In this report we present a design for a global network of high seas marine reserves. Marine reserves are highly protected areas that are off limits to all extractive and destructive uses, including fishing. They are the most powerful tool available for the conservation of ocean wildlife and may also benefit fisheries by promoting recovery and reproduction of exploited species.
Summary
The high seas lie beyond the 200 nautical mile limits that define the extent of national sovereignty by countries of the world. They cover 64% of the area of the oceans, and nearly half the surface of the planet. They are a global commons, under the stewardship of the United Nations Law of the Sea for the benefit of all nations.
But human pressures on the high seas are increasing fast, and urgent action is needed to protect them from harm. Recent research shows that industrial fishing has reduced populations of large, predatory fish, like tunas and billfish, by ninety percent or more in the last fifty years.
Some particularly vulnerable species, like sharks, have been reduced by factors of a hundred, or even a thousand. In the process of capturing these fish, industrial fishing methods are killing untold numbers of other wildlife, endangering birds, turtles and marine mammals. In the deep sea, heavy bottom trawling gears are destroying seamount habitats that have taken thousands of years to develop and may be irreplaceable on human timescales. Much of this activity is illegal, unregulated or goes unreported.
In this report we present a design for a global network of high seas marine reserves. Marine reserves are highly protected areas that are off limits to all extractive and destructive uses, including fishing. They are the most powerful tool available for the conservation of ocean wildlife and may also benefit fisheries by promoting recovery and reproduction of exploited species. The network we propose aims to protect places that are biologically rich, supporting outstanding concentrations of animals and plants. It also seeks to protect places that are particularly threatened or vulnerable to present or possible future human impacts, like fishing or seabed mining.
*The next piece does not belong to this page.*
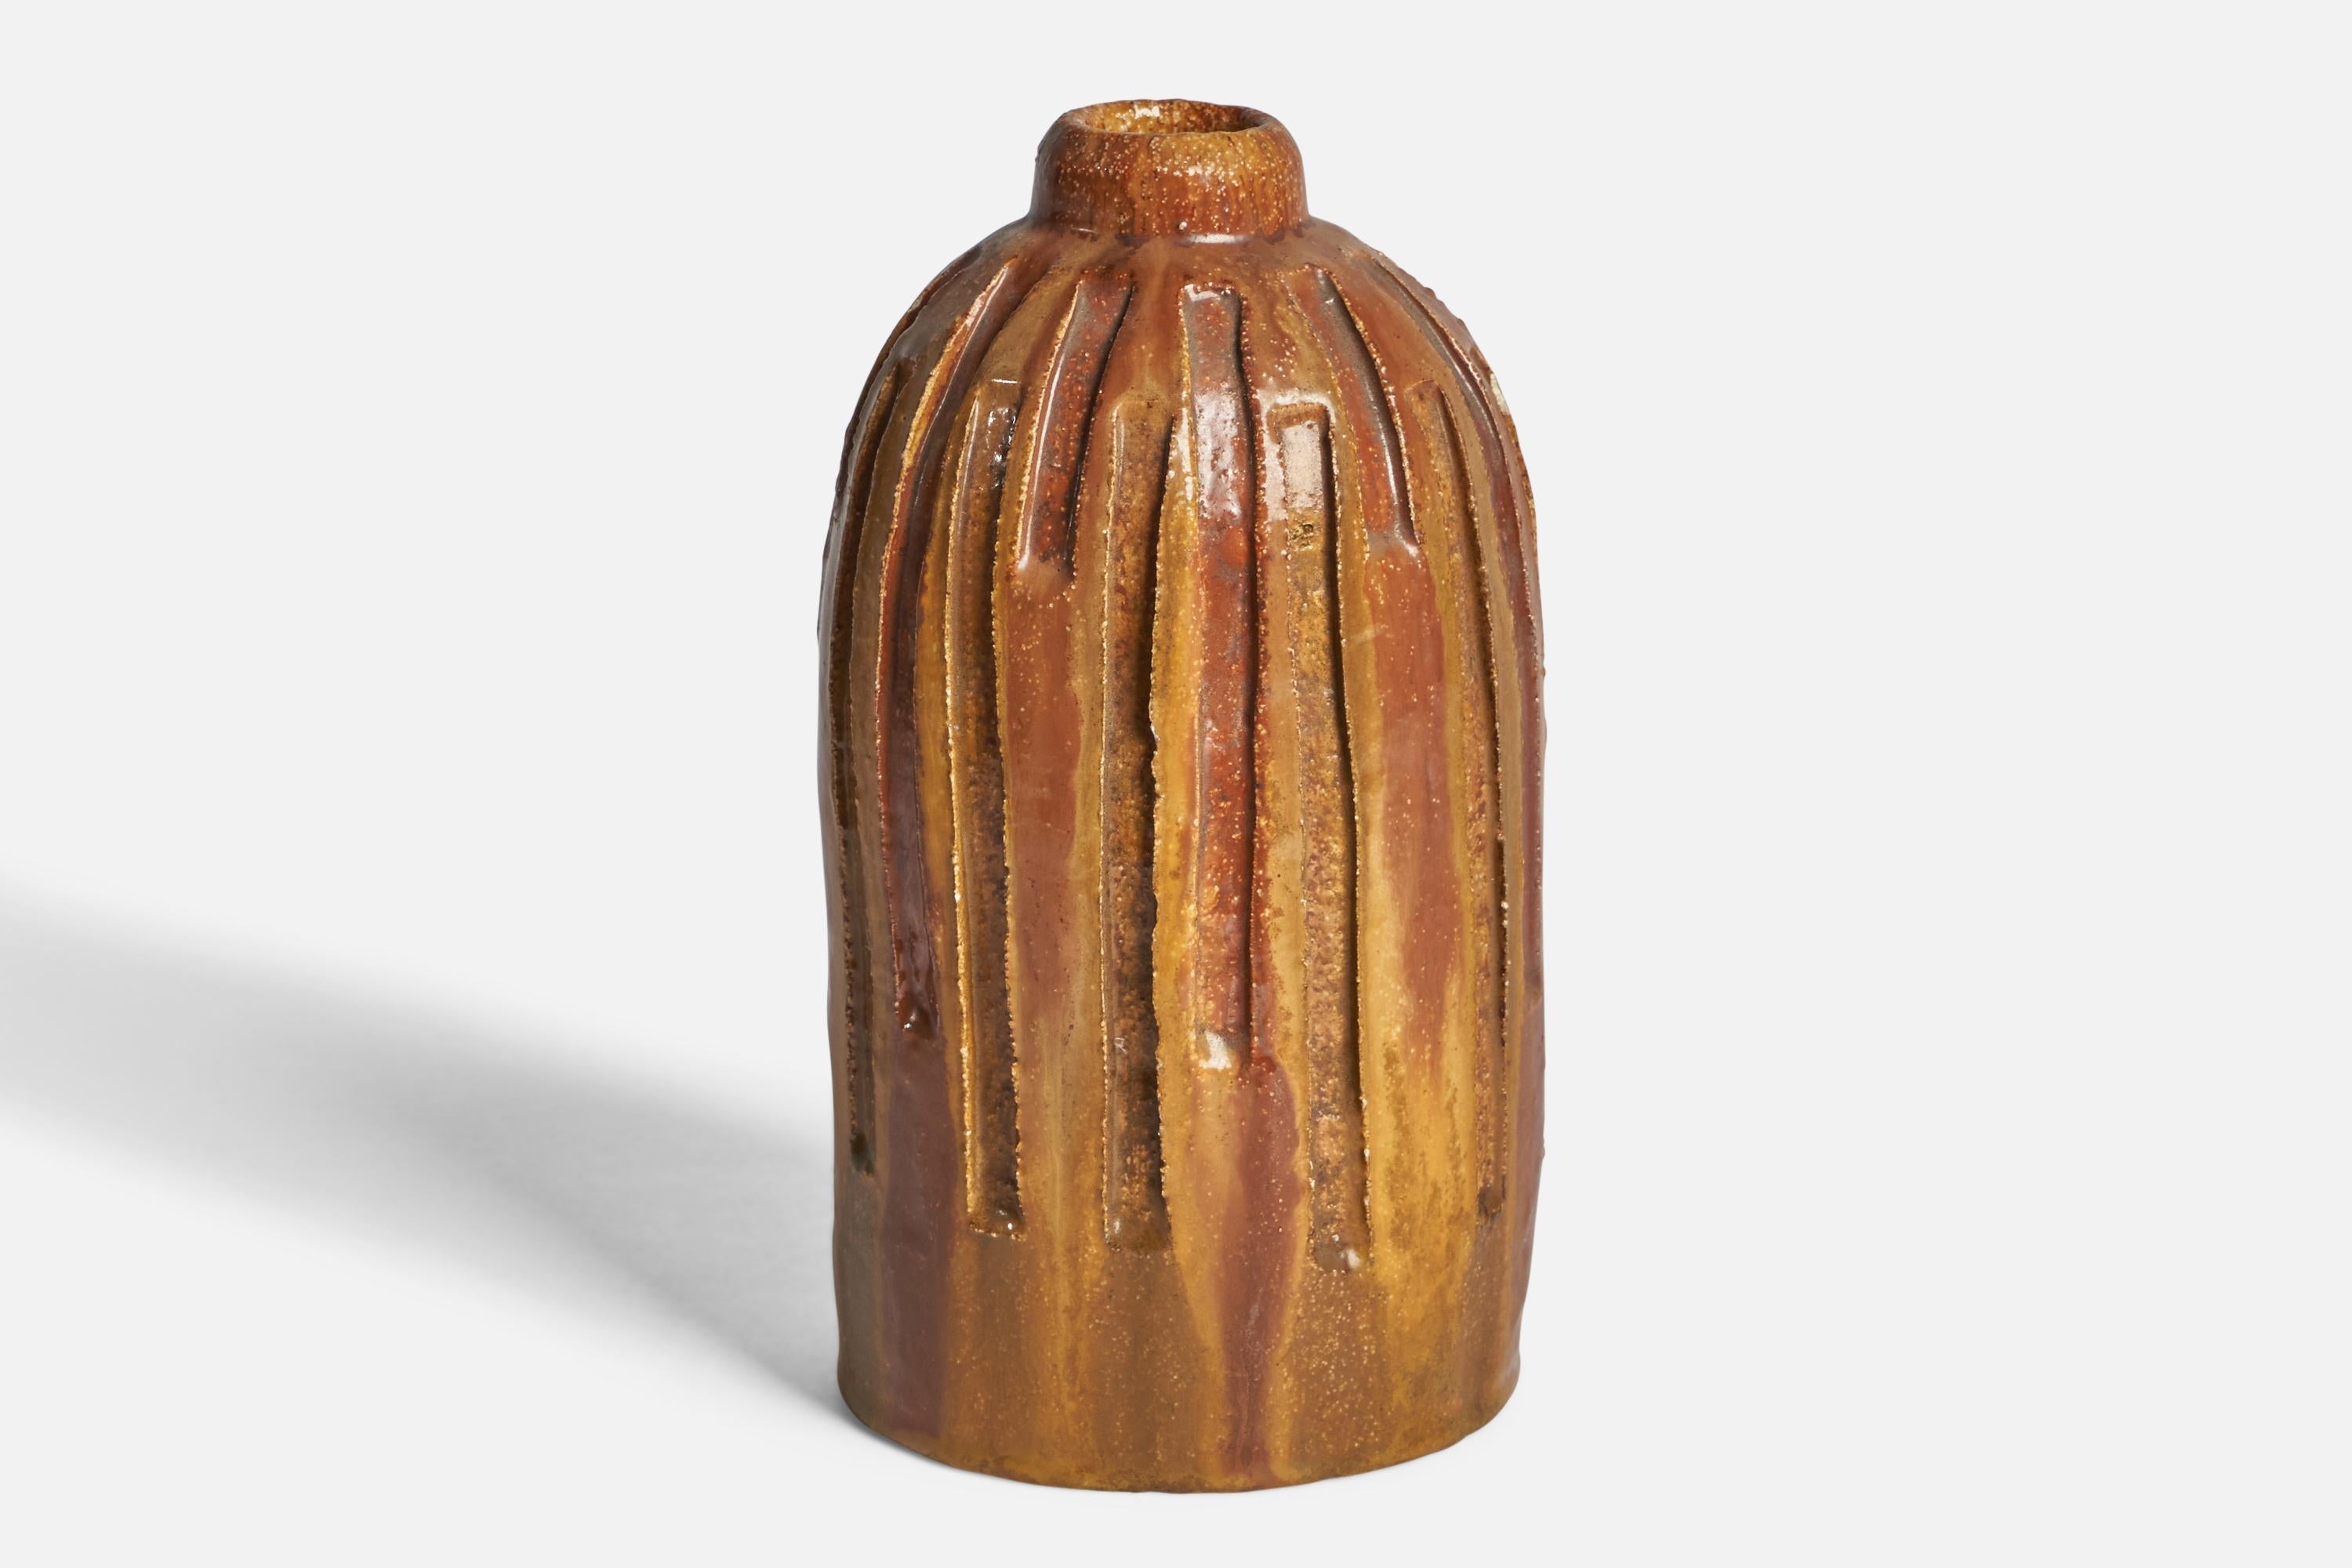 A brown yellow-glazed ceramic vase designed and produced in the US, 1960s.

Our overarching aim is for a network that is representative of the full variety of life in the sea.
To achieve these aims, we brought together many different kinds of biological, physical and oceanographic data. Data on oceanographic features like water temperature gradients and upwelling areas, together with fishery and tracking data on oceanic megafauna, enabled us to identify places that are hotspots of activity on the high seas for large-bodied and vulnerable species. They included tunas and billfish, albatrosses, turtles, pinnipeds (seals and sea lions) and penguins, animal groups whose ranges cover the seas from pole to pole. To this we added maps of cetacean diversity. To ensure that our network is representative, we used data on the distribution of different biogeographic areas, depth zones, seabed sediment types and ocean trenches to represent the variety of habitats and their variation across the globe. We paid particular attention to highly sensitive deepwater habitats, using maps of seamount distribution and bathymetry to identify places vulnerable to harm by bottom fishing. We also used bathymetric data to calculate seabed complexity, which helps in identifying biologically rich places in the deep sea.
All data were mapped using a geographic information system and gridded into 5o latitude by 5o longitude cells, the size of the smallest marine reserves that we considered to be viable in the high seas.